This is a page that curates AI-related papers published worldwide. All content here is summarized using Google Gemini and operated on a non-profit basis. Copyright for each paper belongs to the authors and their institutions; please make sure to credit the source when sharing.
Hulk is the first multimodal human-centered generalization model capable of handling diverse human-centered perceptual tasks, including 2D and 3D vision, skeletal-based, and vision-language tasks. Existing human-centered models have limitations, such as their inability to handle 3D and vision-language tasks and the need for task-specific fine-tuning. To address these challenges, Hulk integrates diverse task-specific heads into two general heads: one for discrete representations (e.g., language) and one for continuous representations (e.g., coordinates). This unified representation allows Hulk to handle diverse human-centered tasks with modality transformation and integrate knowledge across a wide range of tasks. A comprehensive evaluation on 12 benchmarks covering eight human-centered tasks demonstrates the superiority of the proposed method, achieving state-of-the-art performance on 11 benchmarks. The code is available at https://github.com/OpenGVLab/Hulk .
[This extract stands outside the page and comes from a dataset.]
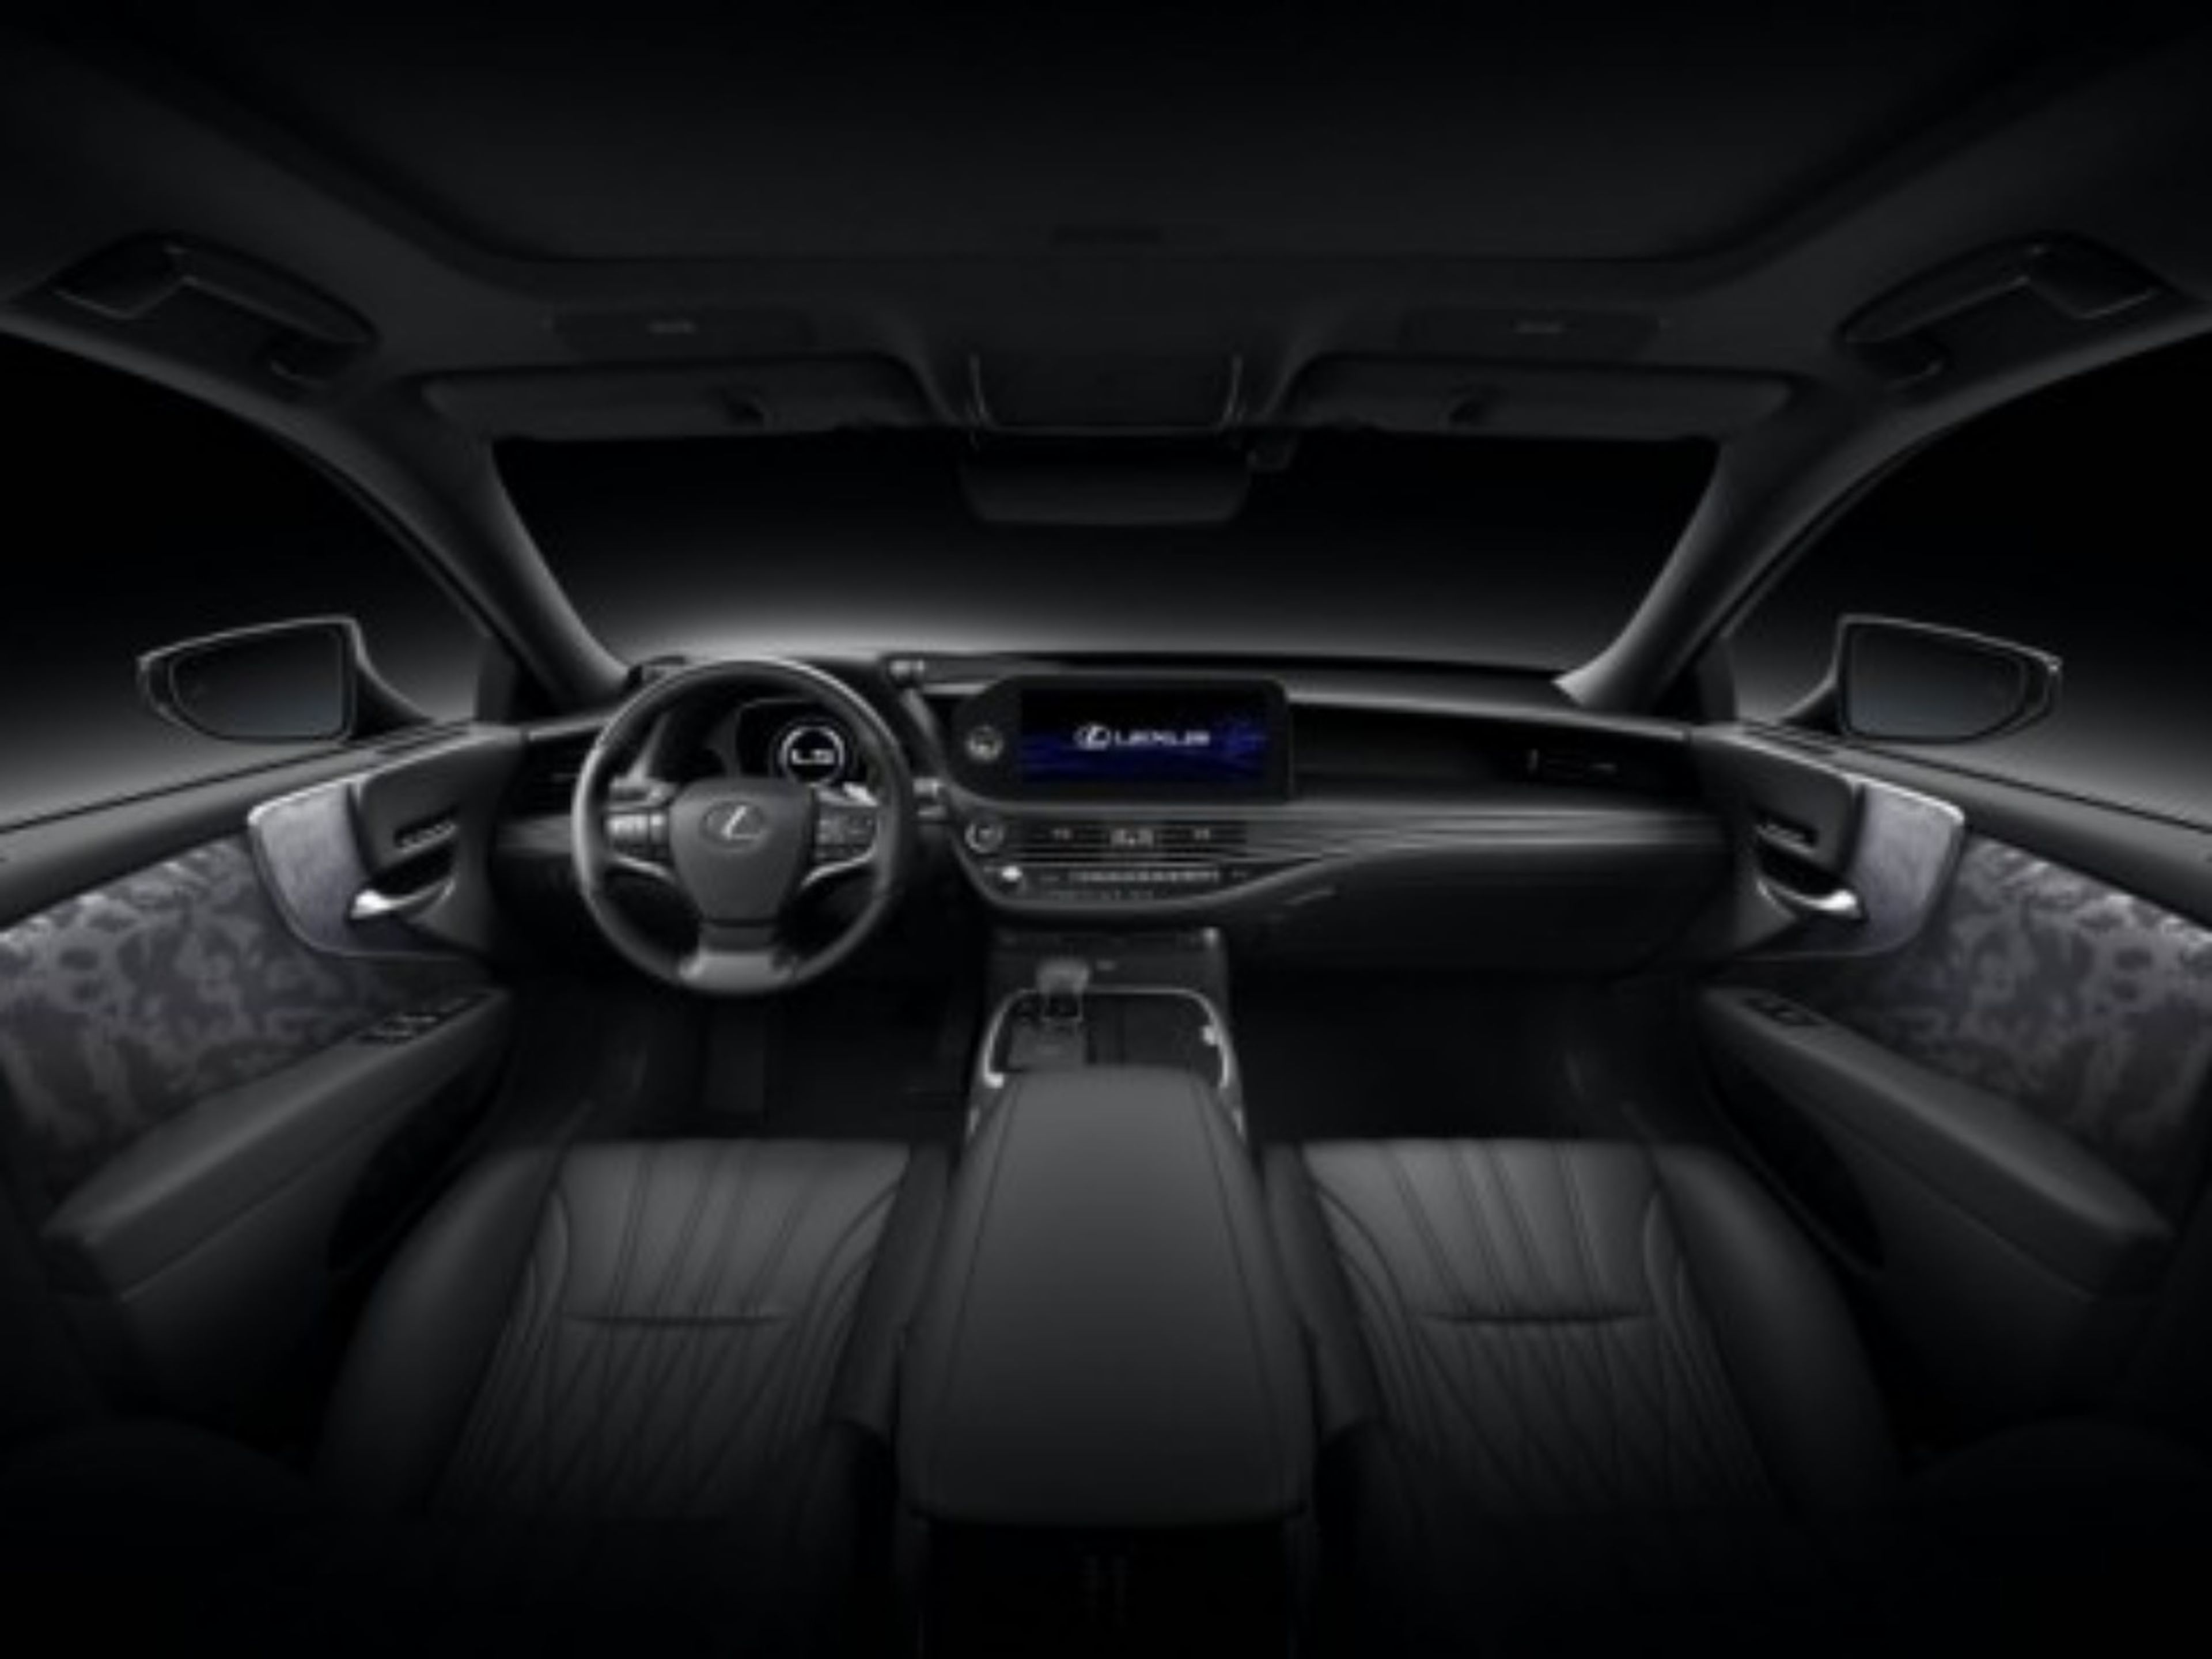 Lexus LS interior

We present the first multi-modality model capable of handling diverse human-centric perception tasks (2D/3D vision, skeleton-based, and vision-language) without task-specific fine-tuning.
◦
Unified representation through two common heads enables knowledge integration and modality conversion across various tasks.
◦
Achieved state-of-the-art performance in 11 out of 12 benchmarks.
◦
Expanding research and increasing usability through open source disclosure.
•
Limitations:
◦
Generalization performance verification is needed for tasks other than the currently presented benchmarks.
◦
Further analysis of the model's size and computational cost is needed.
◦
Further research is needed to optimize performance for specific tasks.